Sugar. Year after year, a coalition of candy and beverage manufacturers, joined by an strange bedfellows group of consumer, environmental and conservative organizations, gathers together to try to reform the Depression-era sugar price support program. And year after year, they fail. This time around, the Senate 54-45 against an amendment to change the program, and the House amendment sponsored by candy-state Rep. Joe Pitts, R-Pa, also went down. While members of the coalition such as the American Beverage Association and Food Marketing Institute have formidable political clout, sugar producers, who have given more than $2 million so far this election cycle, nearly evenly split between the parties, have consistently managed to leverage their political giving with geographic alliances (sugar cane growers of Florida, meet the sugar beet farmers of Minnesota!) to maintain the program. Federally subsidized sugar loans are now increasing thanks to a glut of sugar on the world market, according to this recent Wall Street Journal report.

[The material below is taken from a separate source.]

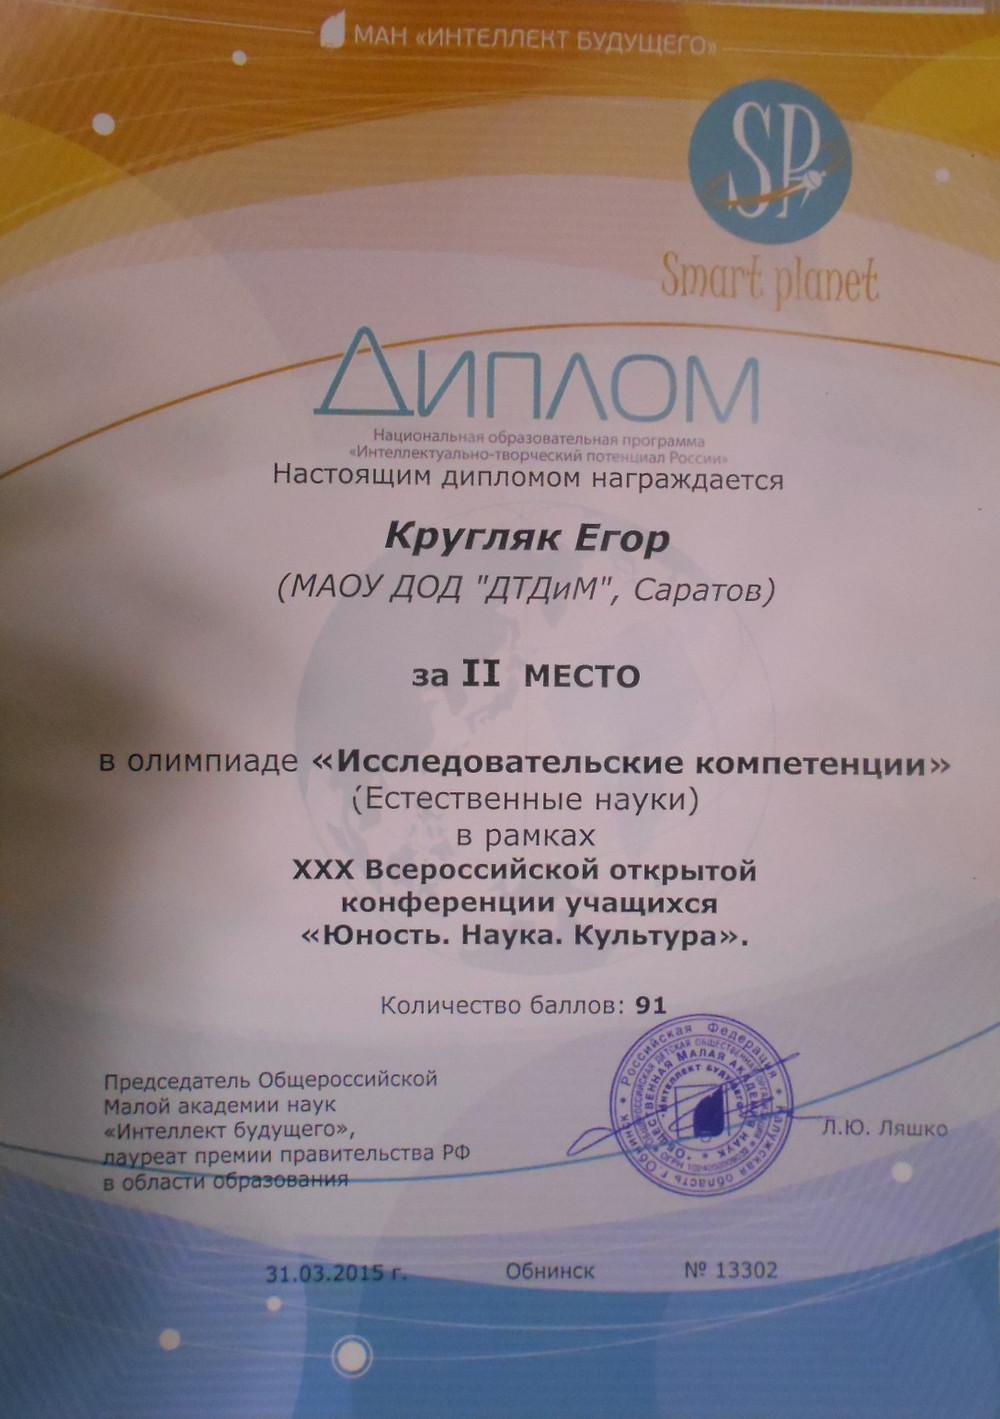 Кругляк Егор 2 место 31 марта 2015.JPG
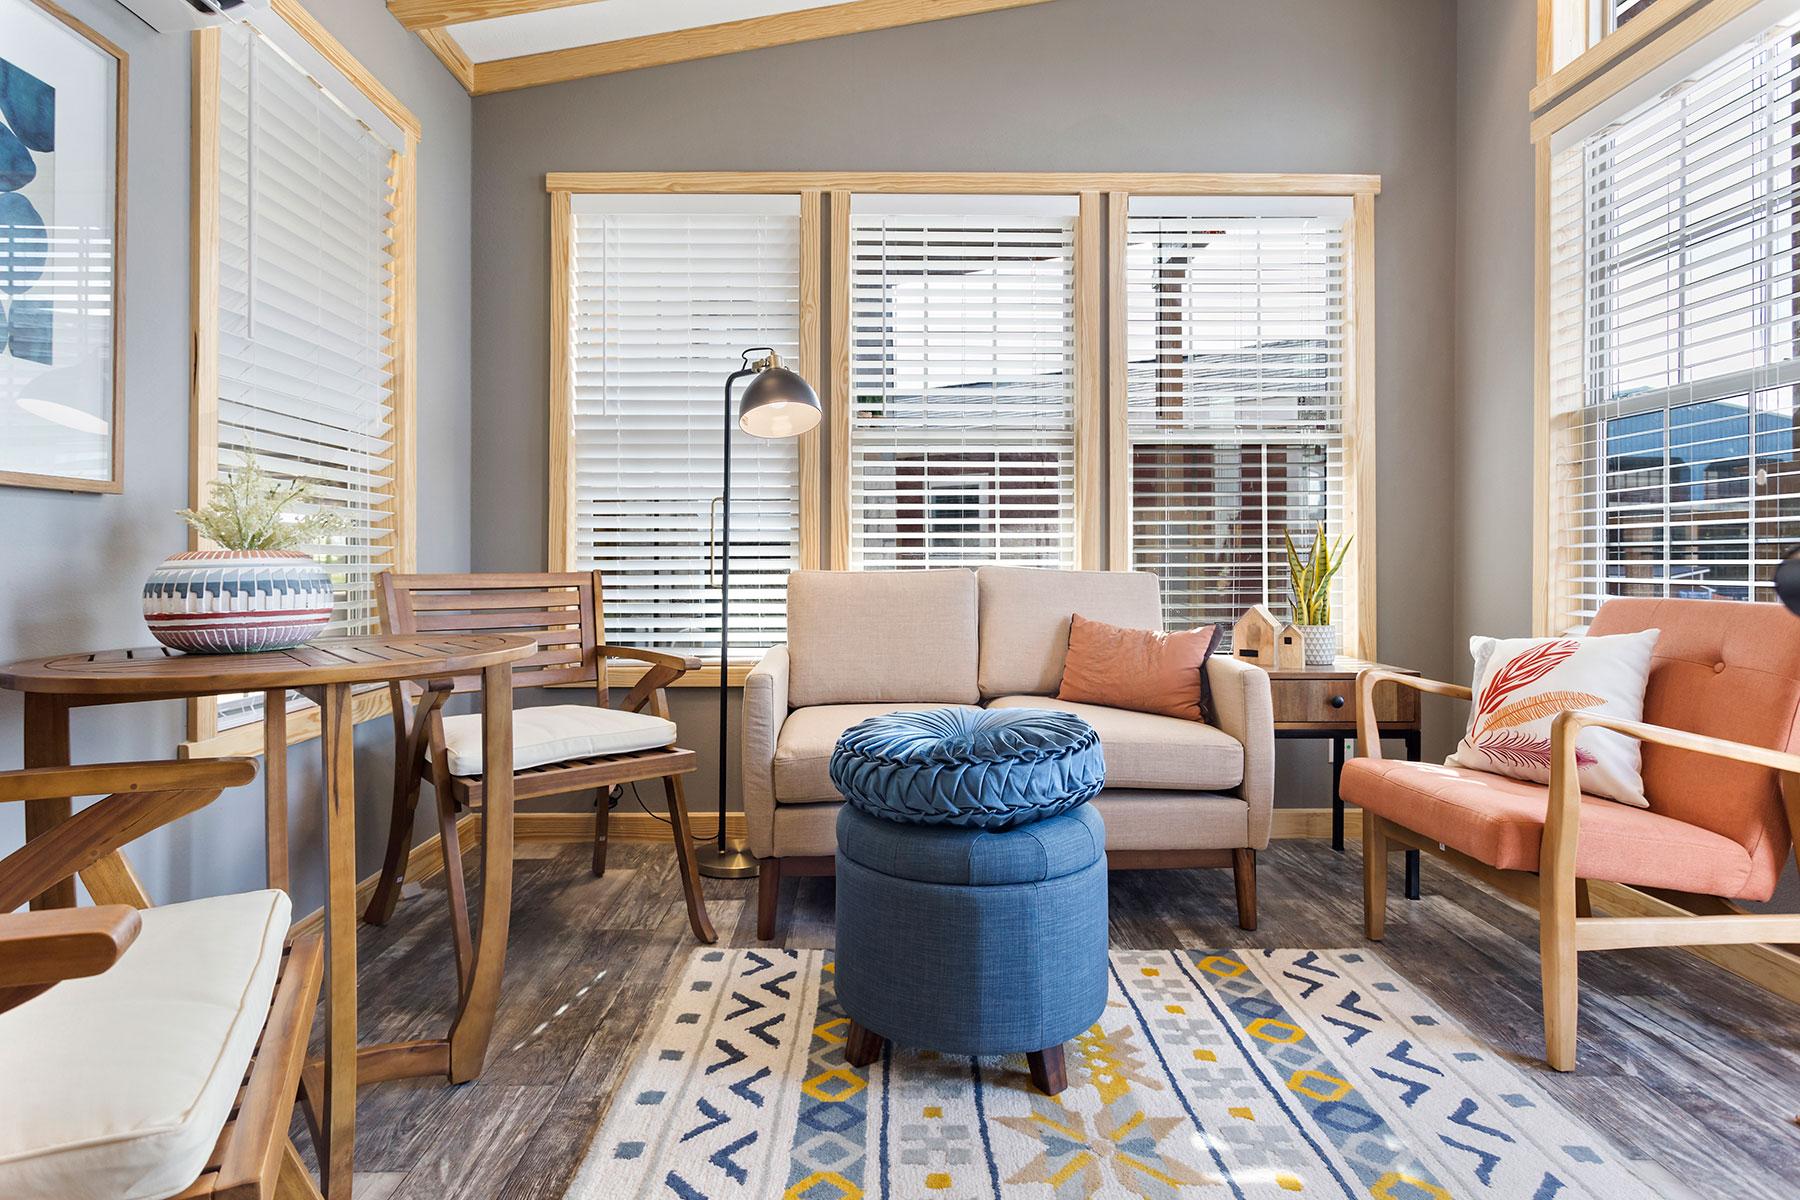 520-living-room-1

Food stamps. Last year we reported that following the financial meltdown of 2008, more Americans than ever before were getting help from the government putting food on their tables. This year, more parents are again relying on the government for help but the serviings are more meager. According to the most recent figures from the Congressional Budget Office, some 47 million people were signed up for Supplemental Nutrition Assistance Program (SNAP) in 2012, compared to 44.7 million in 2011. However, they are getting smaller helpings: as of Nov. 1, the temporary increase in the food benefits contained in the American Recovery and Reinvestment Act expired. This means cuts equivalent about 16 meals per month for a family of three–one mother and two children–according to calculations by the liberal think tank Center on Budget and Policy Priorities. Meanwhile, from the conservative side, there are predictions that Obamacare could increase the rolls of food assistance, because low income people signing up for health care will be directed toward various federal programs where they may qualify for help. This basic dissonance between left and right on the issue of food stamps has been a major continuing factor for the stall out of negotiations over the Farm Bill. In July, Heritage Action Fund, one of the leading opponents of the program, called defeat of an early version of the Farm Bill in the House last summer a "decisive victory." Then in September the Republican controlled House approved, separately from the rest of the farm bill, H.R. 3102, which would cut some $39 billion from the SNAP program over ten years. The Center on Budget and Policy Priorities points out that that amount is almost double the cuts contained in the House Agriculture Committee version of the Farm Bill and about ten times the amount in the Senate passed Farm Bill.